PROBLEM DETAILS: All lines below between the line with "Neue Justiz (NJ), Zeitschrift" and the line with "Le Guatemala, le", including both, must be copied exactly, and the pictures must be omitted.

RECORDS FOR PROCESSING:

========

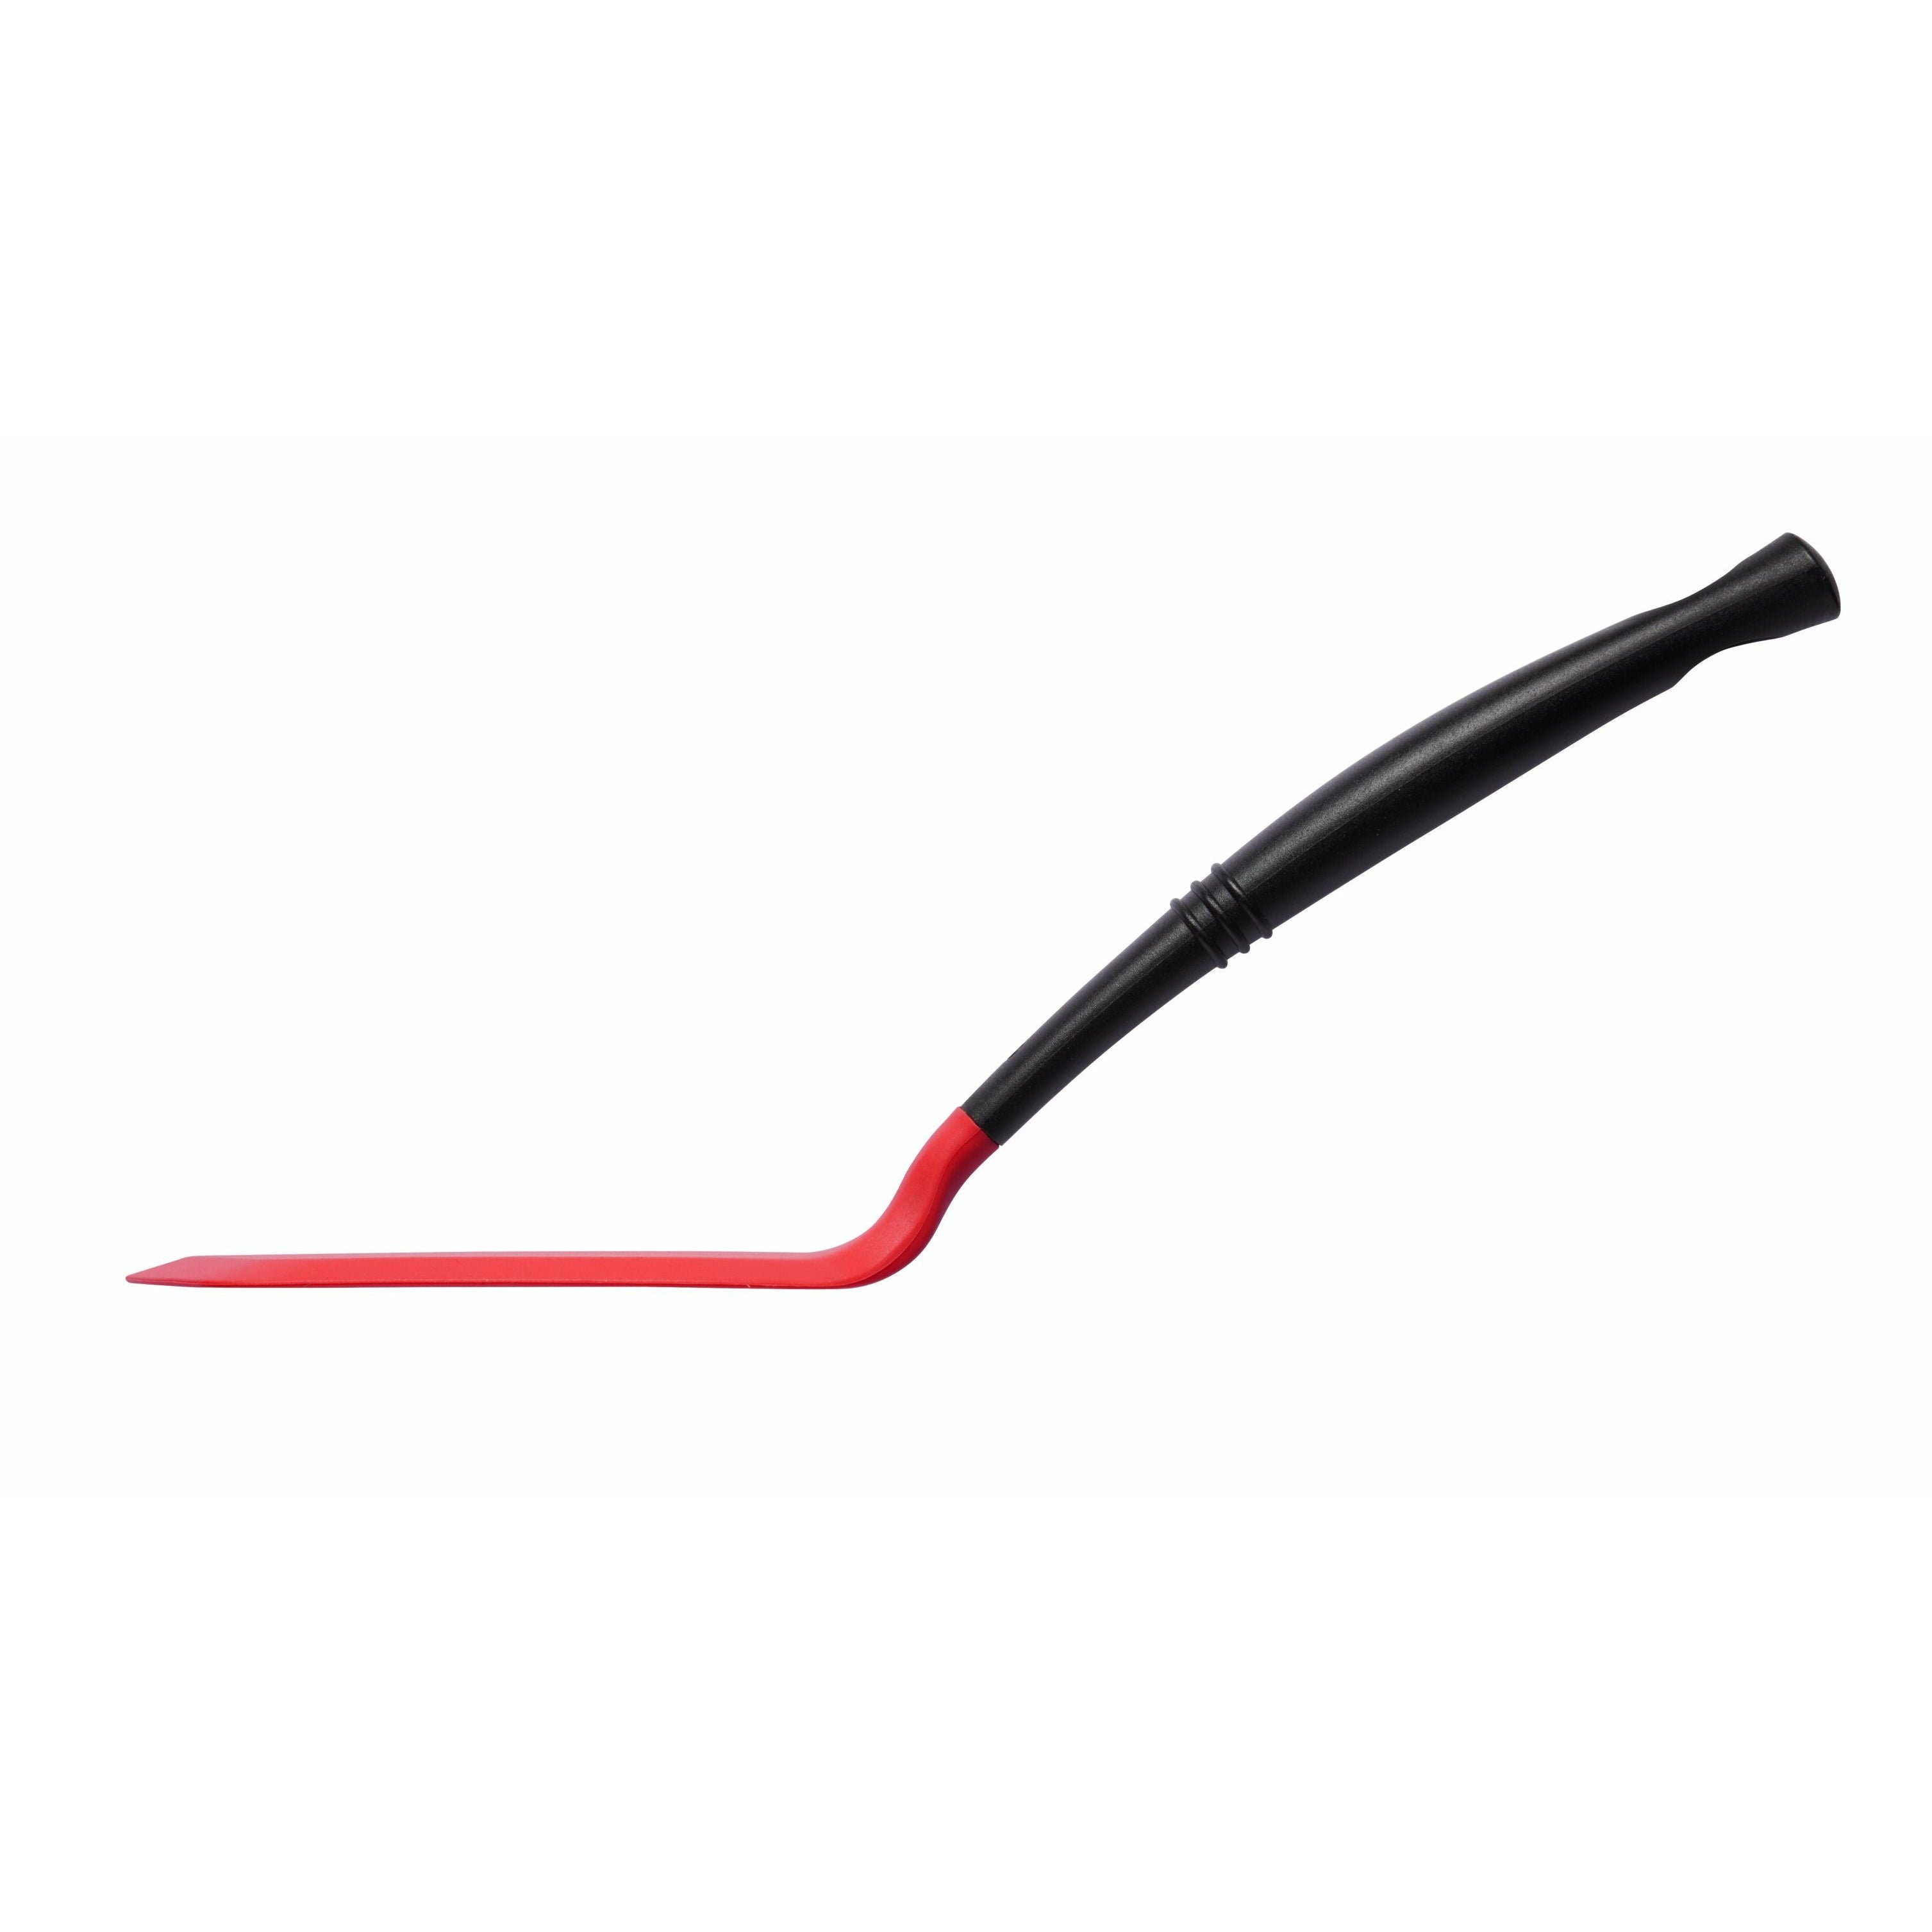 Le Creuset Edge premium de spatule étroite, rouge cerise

========

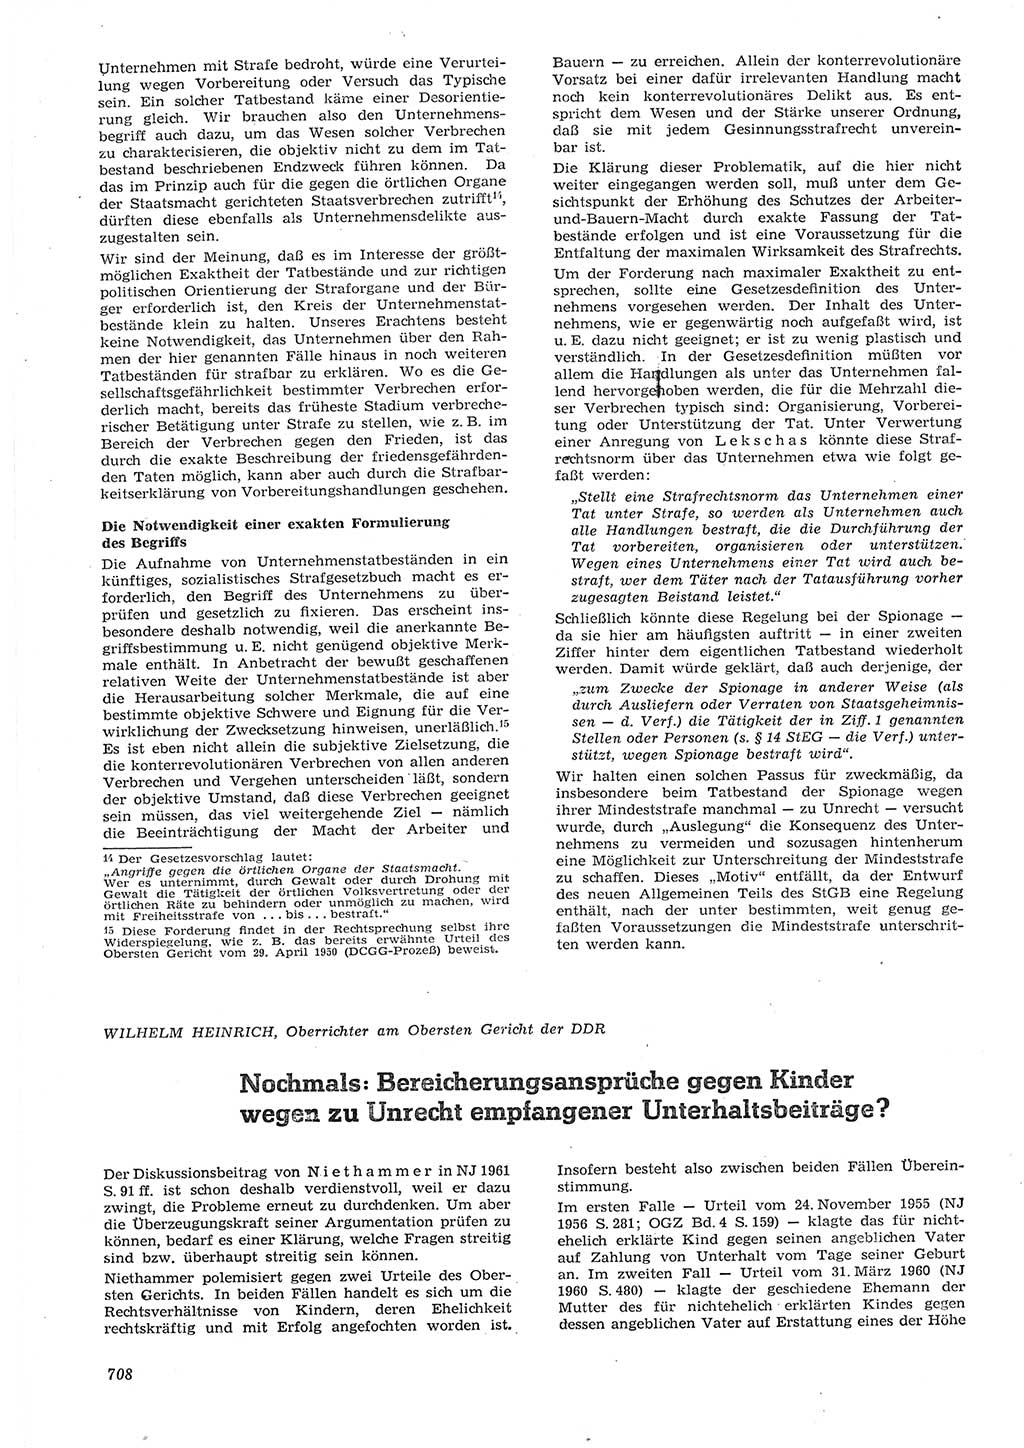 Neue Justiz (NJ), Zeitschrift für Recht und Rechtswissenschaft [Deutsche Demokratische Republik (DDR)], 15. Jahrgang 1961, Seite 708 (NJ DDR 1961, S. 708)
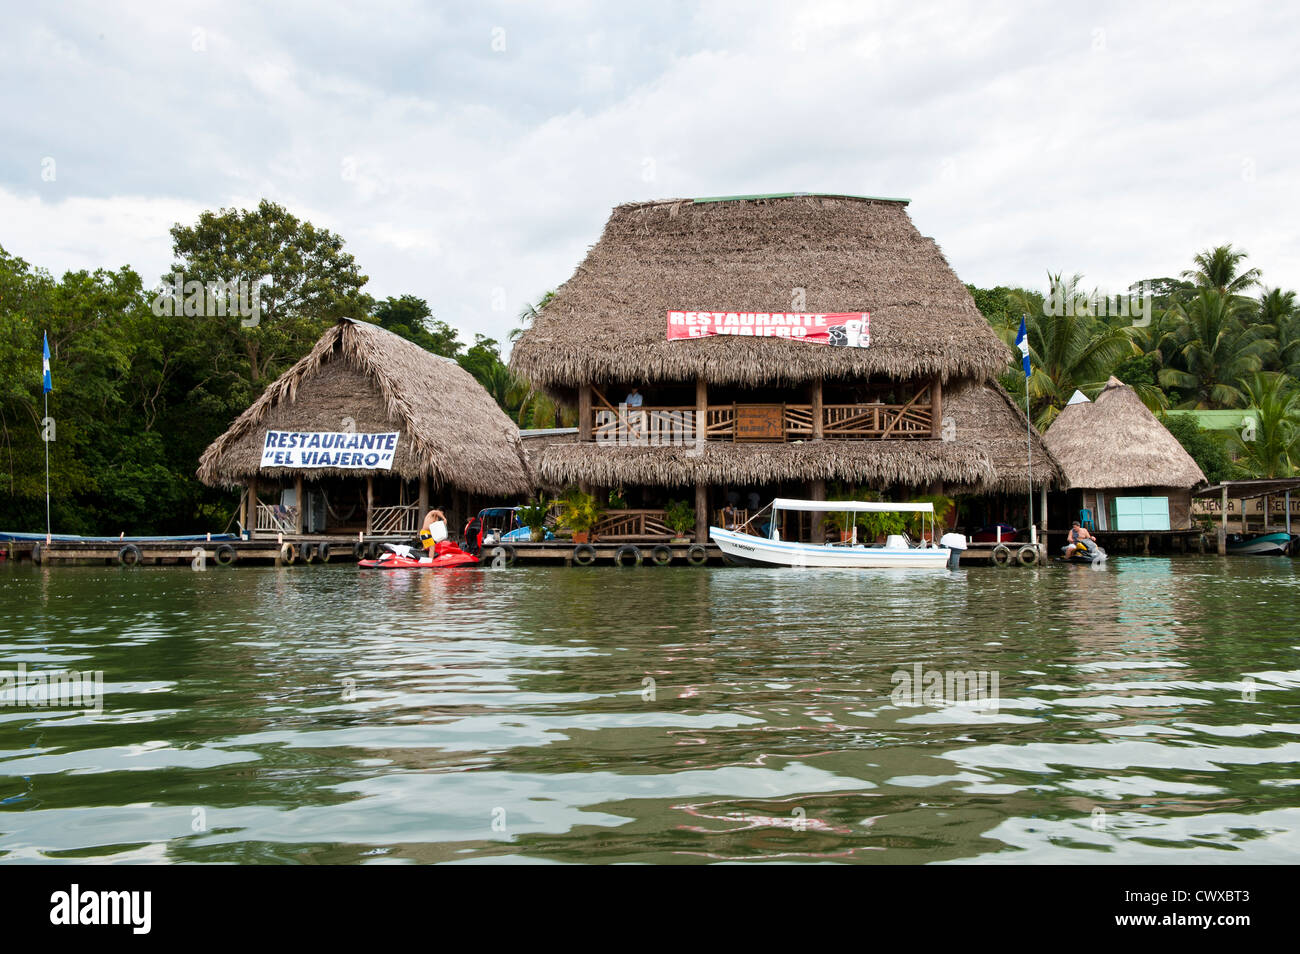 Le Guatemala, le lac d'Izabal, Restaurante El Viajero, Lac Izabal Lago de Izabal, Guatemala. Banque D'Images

========

SOLUTION TO THE PROBLEM:
 Neue Justiz (NJ), Zeitschrift für Recht und Rechtswissenschaft [Deutsche Demokratische Republik (DDR)], 15. Jahrgang 1961, Seite 708 (NJ DDR 1961, S. 708)
 Le Guatemala, le lac d'Izabal, Restaurante El Viajero, Lac Izabal Lago de Izabal, Guatemala. Banque D'Images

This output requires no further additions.